The X-Men series incorrectly depicts evolution. A popular misconception is that evolution makes creatures better, as if there's some sort of end goal in mind, but this is only true in that certain traits may enable some members of a species to survive in a particular environment. Say, for example, a type of tree is driven to extinction due to a disease. Birds are now more likely to eat moths that relied on those trees for camouflage, yet some moths of the same species have a mutation that makes their coloration match trees that still exist. Thus, through natural selection, moths with that color become dominant, because they survive to pass that trait along to their offspring. Now, going back to X-Men: there are no environmental pressures that would cause a man's eyes to emit laser beams, turn him into a blue furball, or give him the ability to telekinetically control metal. The only factor causing those mutations is 20th Century Fox's financial sheet.

The Martian

In The Martian, astronaut Mark Watney (Matt Damon) is separated from his crewmates after a violent storm on Mars literally blows him away. The rest of the crew assumes he's dead and leaves, thus marooning Watney on the Red Planet. The problem?
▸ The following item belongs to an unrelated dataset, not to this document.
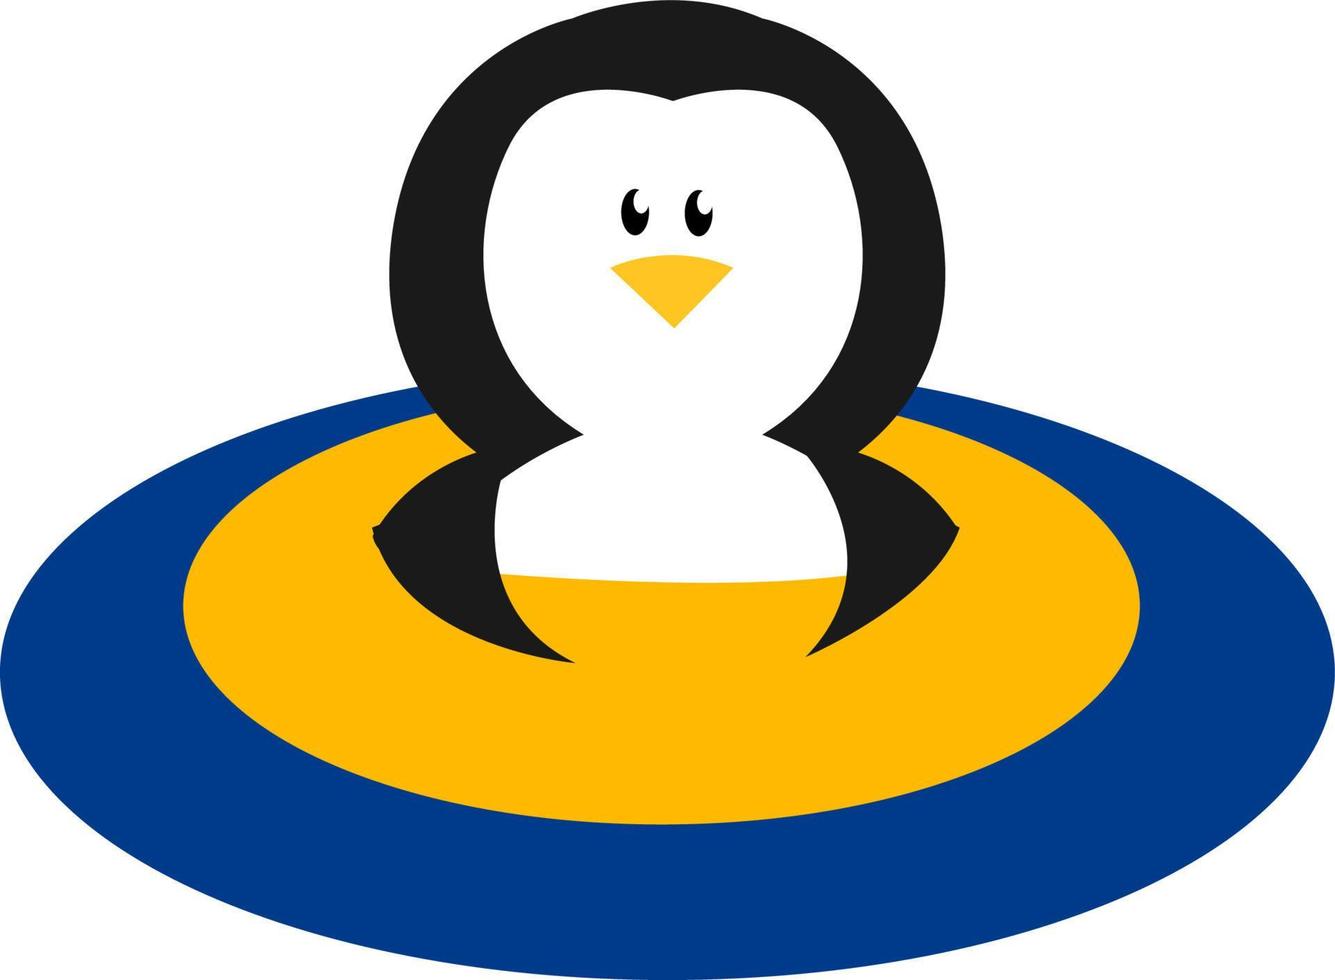 Pinguin im blauen Pool. Abbildung, Vektor auf weißem Hintergrund.

The Martian atmosphere is roughly one percent the density of Earth, which means it isn't possible for even the strongest winds on Mars to sweep a human away. The book's author, Andy Weir, even admitted that he exaggerated science in order to come up with a way to credibly strand Watney on the planet. But hey, we're still sure Watney would gladly take a ride on the Martian winds—and a piece of metal in his gut—over the alternative depicted in Total Recall.